Methods: If Clinical Governance is a framework through which NHS organisations are accountable to continuously improve the quality of their services and safeguarding high standards of care, Clinical Effectiveness is a vital part of Clinical Governance. Clinical Effectiveness is a term that refers to measuring and monitoring the quality of care, and comprises various activities, including: Evidence-Based Practice, Research and Development, Clinical Audit, Clinical Guidelines, Integrated Care Pathways, and Total Quality Management.
Results: The application of evidence-based medicine (EBM) in laboratory medicine or evidence-based laboratory medicine (EBLM) aims to advance clinical diagnosis by researching and spreading new knowledge, combining methods from clinical epidemiology, statistics and social science with the traditional pathophysiological molecular approach. EBLM, by evaluating the role of diagnostic investigations in the clinical decision-making process, can help in translating the results of good quality research into everyday practice.
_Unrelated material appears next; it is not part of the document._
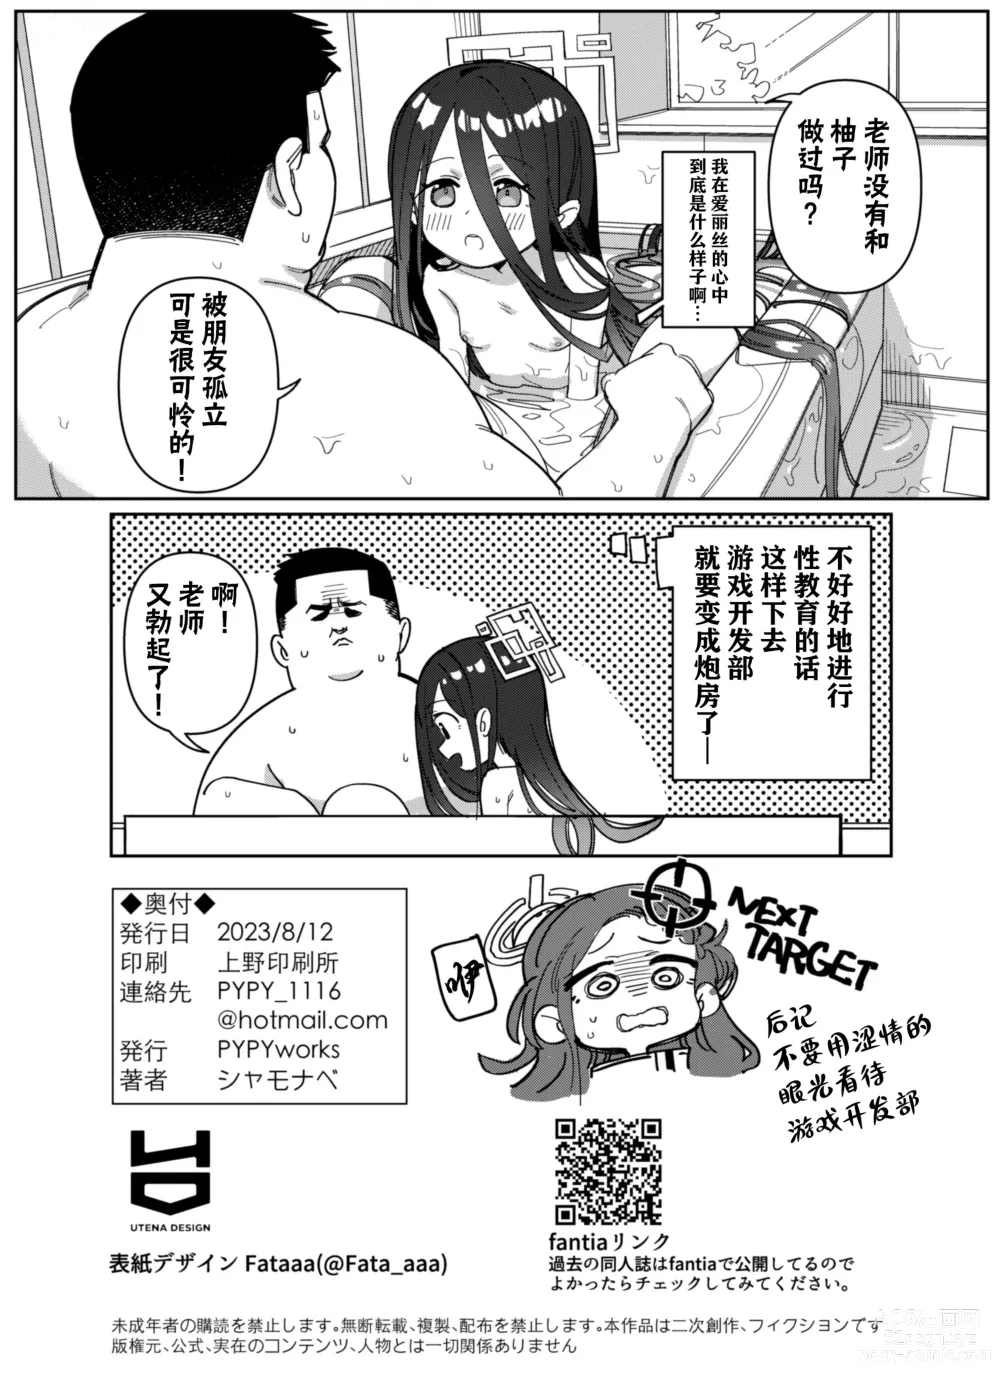 Page 19 of doujinshi 由于老师太弱了 爱丽丝来保护好老师!

Conclusions: If Clinical Governance is a framework through which organisations are accountable to improve the quality of care, health professionals should identify high quality standards, and systematically and rigorously monitor against them the process and outcomes that represent the diagnostic process. Within such a policy framework, practice guidelines are expected to play a major role, providing the basis to access the quality of care and guidance where clinical practice is found not in line with professional standards.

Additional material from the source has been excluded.